▸ WORK ORDER:
The entire listing that follows must be repeated exactly, pictures excluded.

▸ SOURCE DATA:
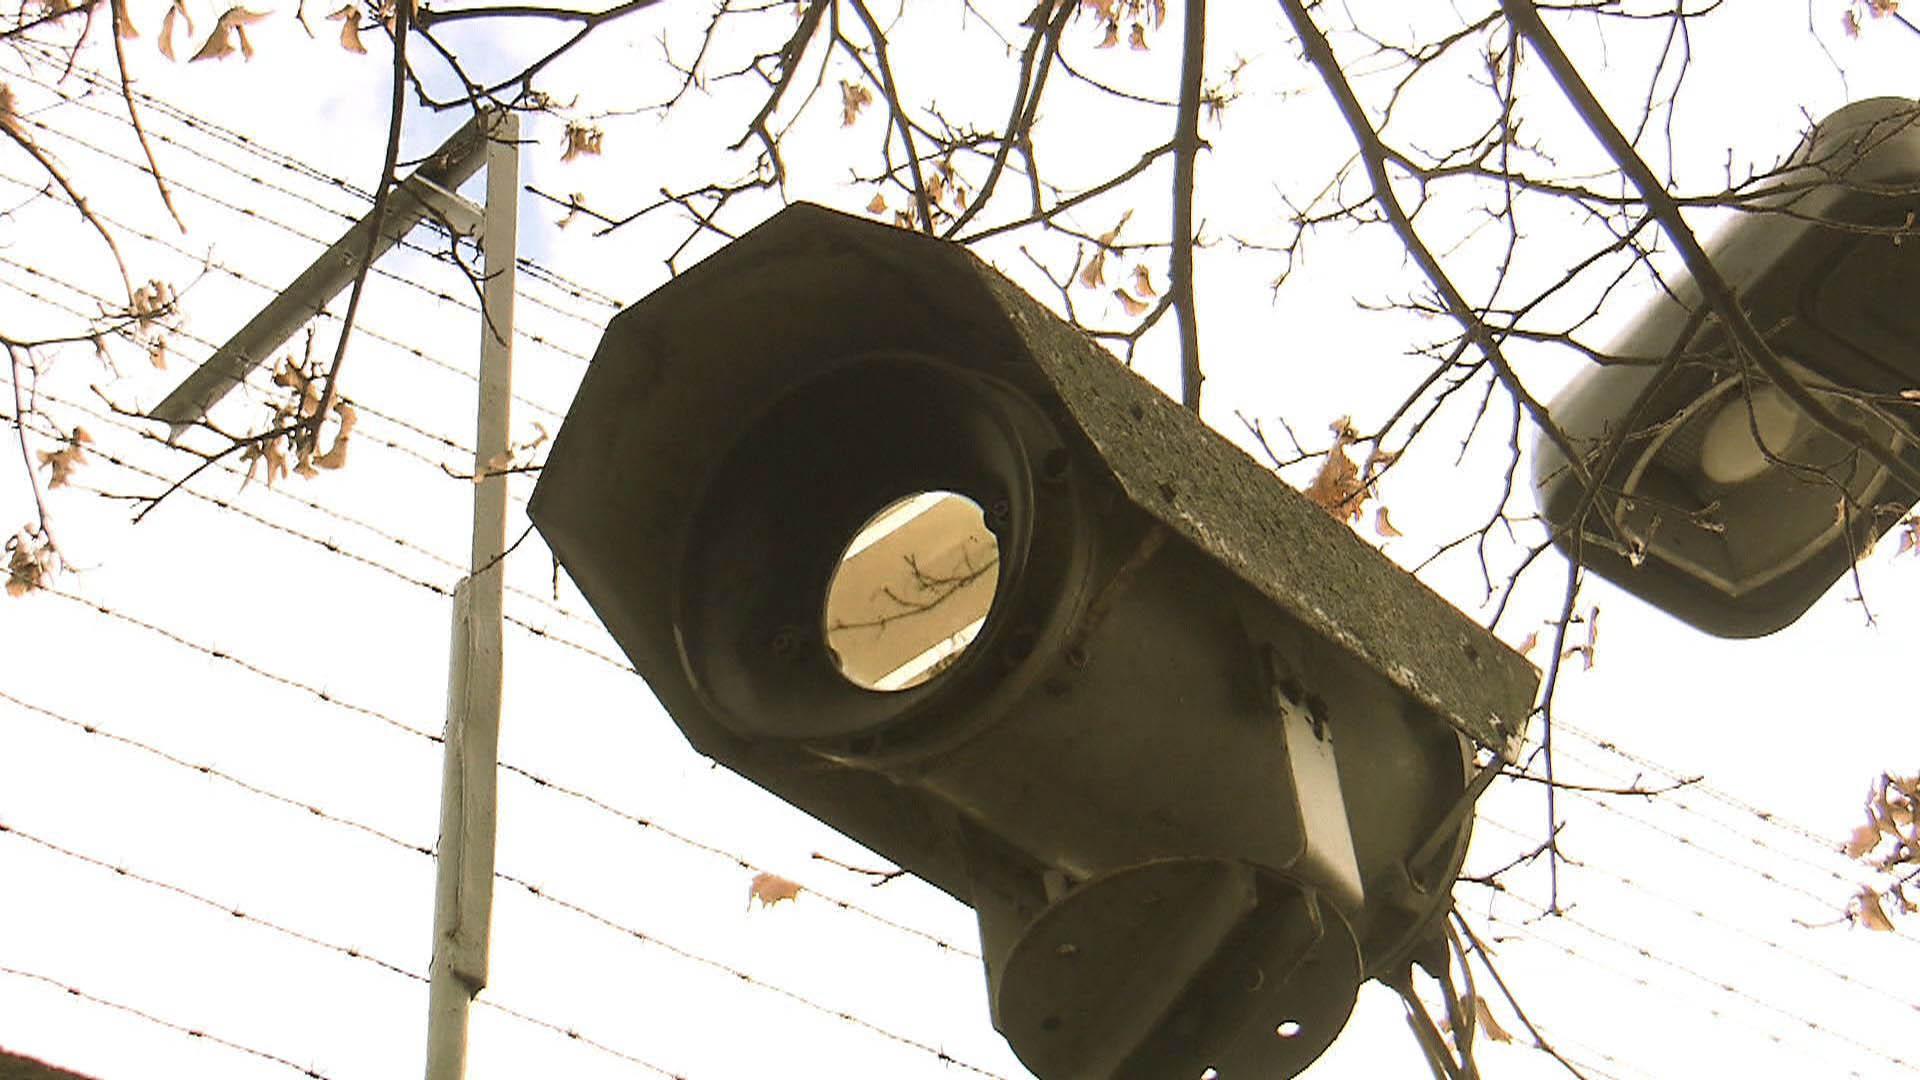 Security Camera at the Berlin Wall
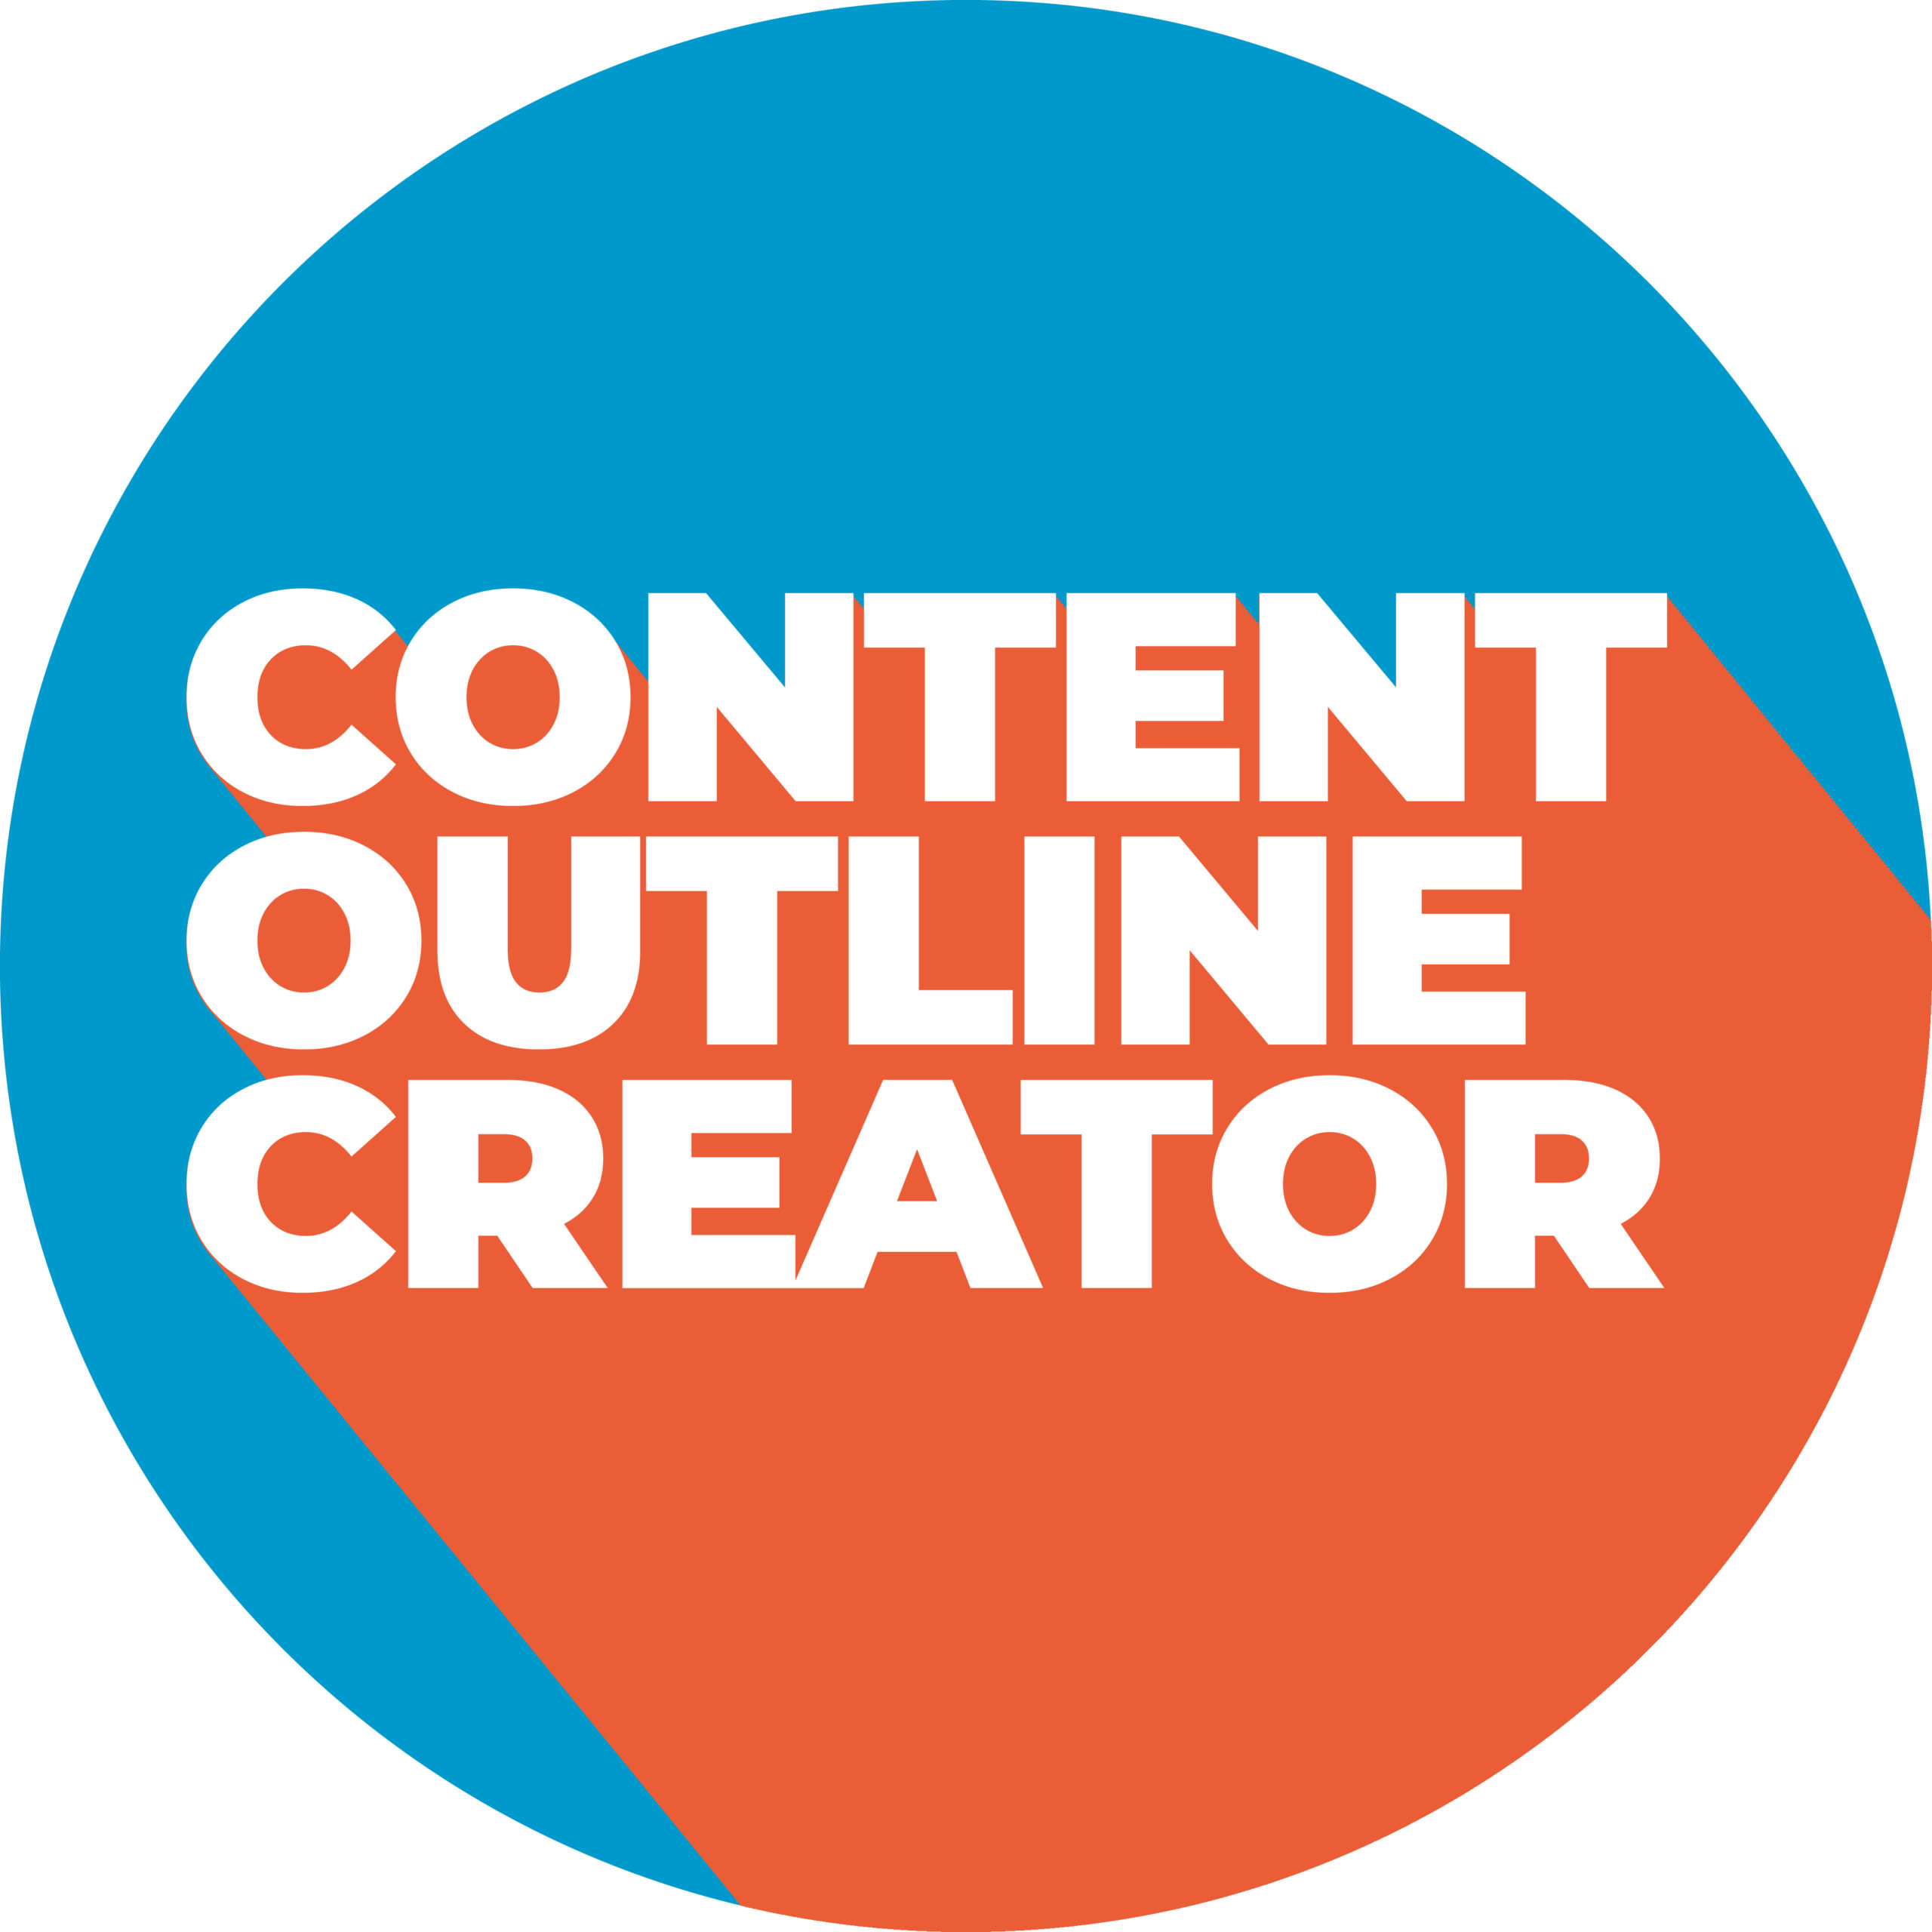 Content Outline Creator
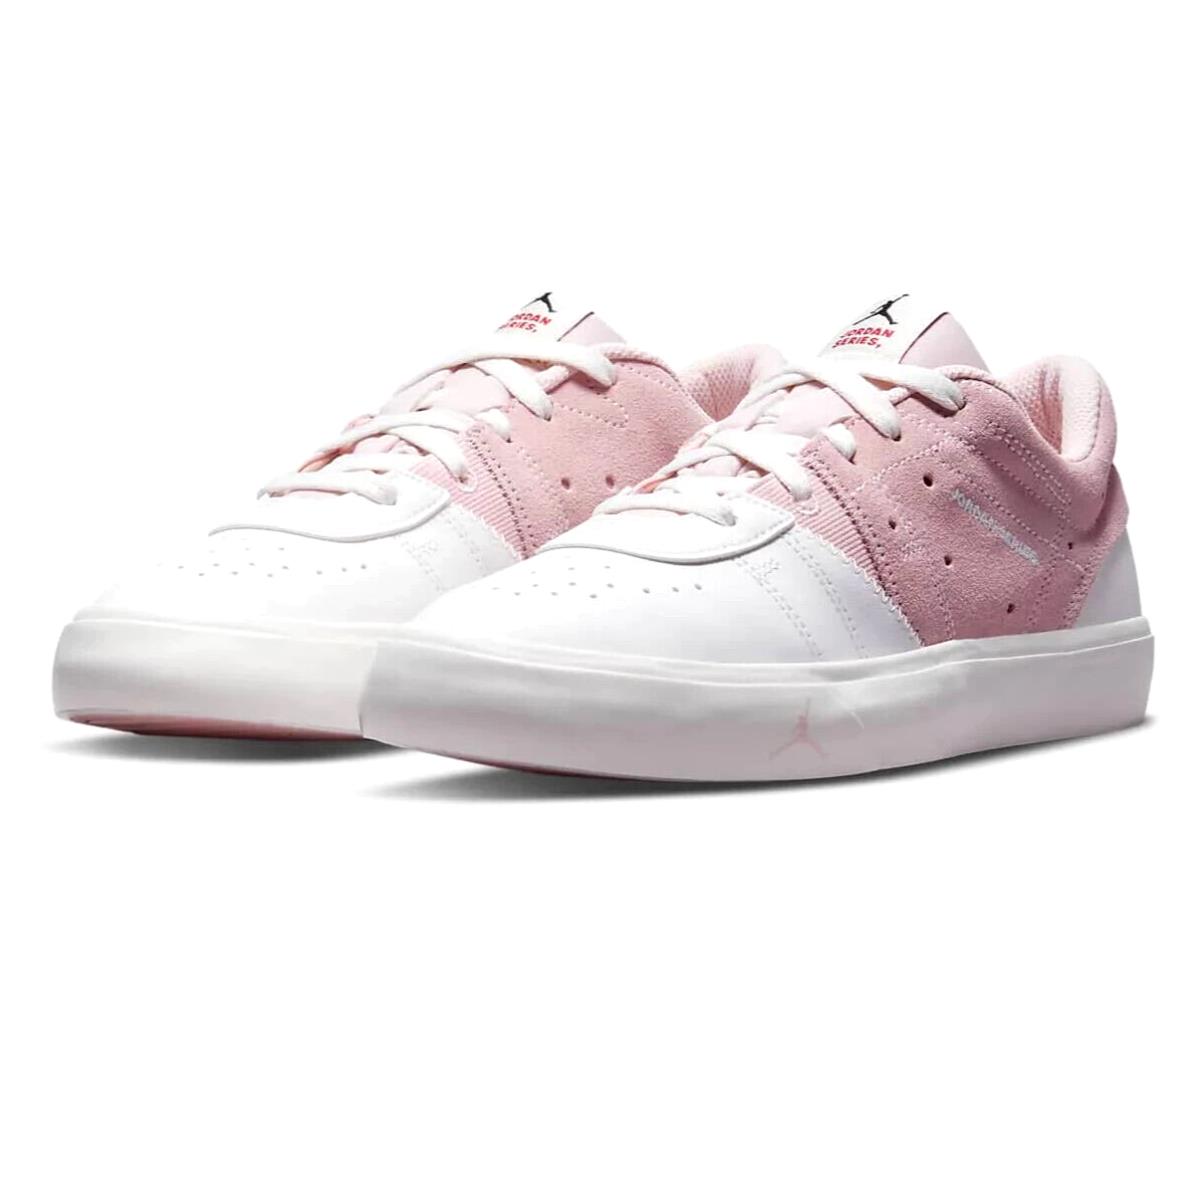 Nike Jordan Series ES Mens Size 9 Shoes DN1857 610 Pink Sail Wmn sz 10.5
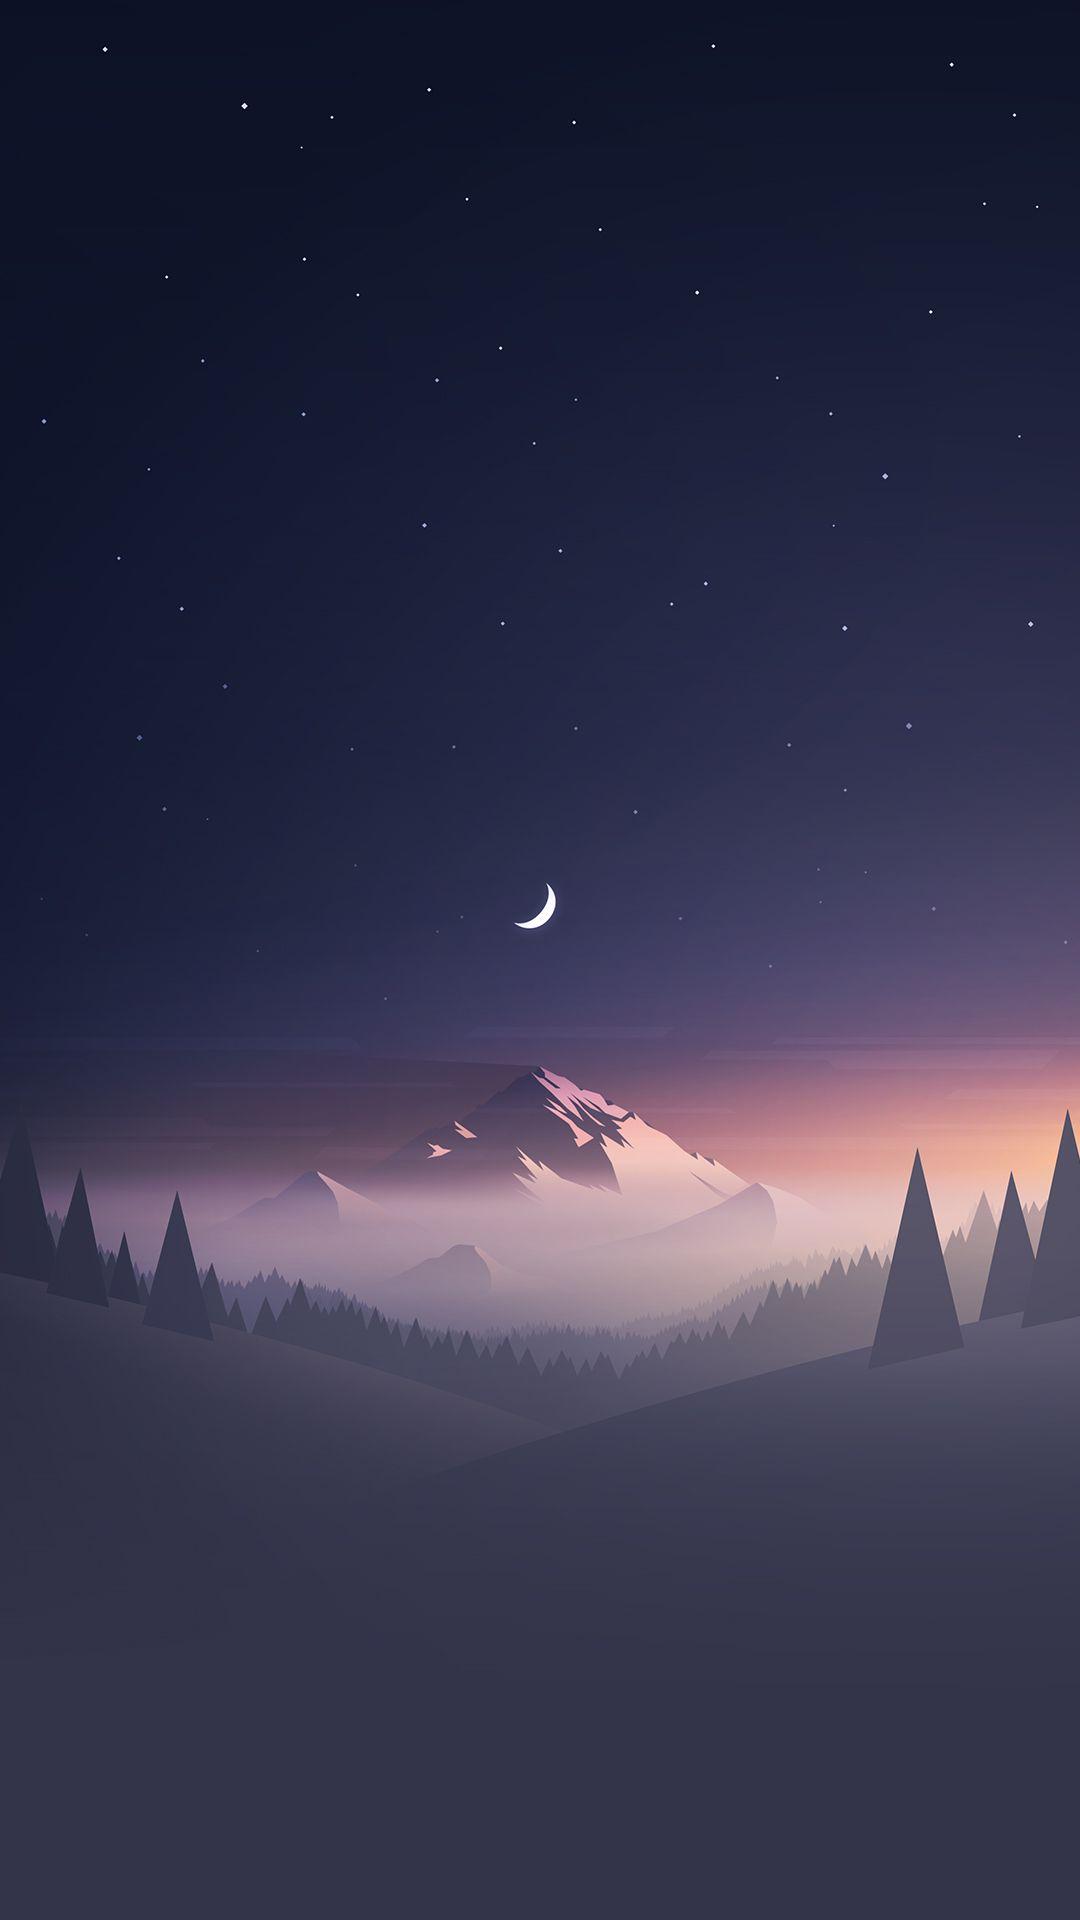 1080x1920 Stars And Moon Winter Mountain Landscape Tải xuống Hình nền iPhone 8

▸ SOLUTION TO THE PROBLEM:
 Security Camera at the Berlin Wall
 Content Outline Creator
 Nike Jordan Series ES Mens Size 9 Shoes DN1857 610 Pink Sail Wmn sz 10.5
 1080x1920 Stars And Moon Winter Mountain Landscape Tải xuống Hình nền iPhone 8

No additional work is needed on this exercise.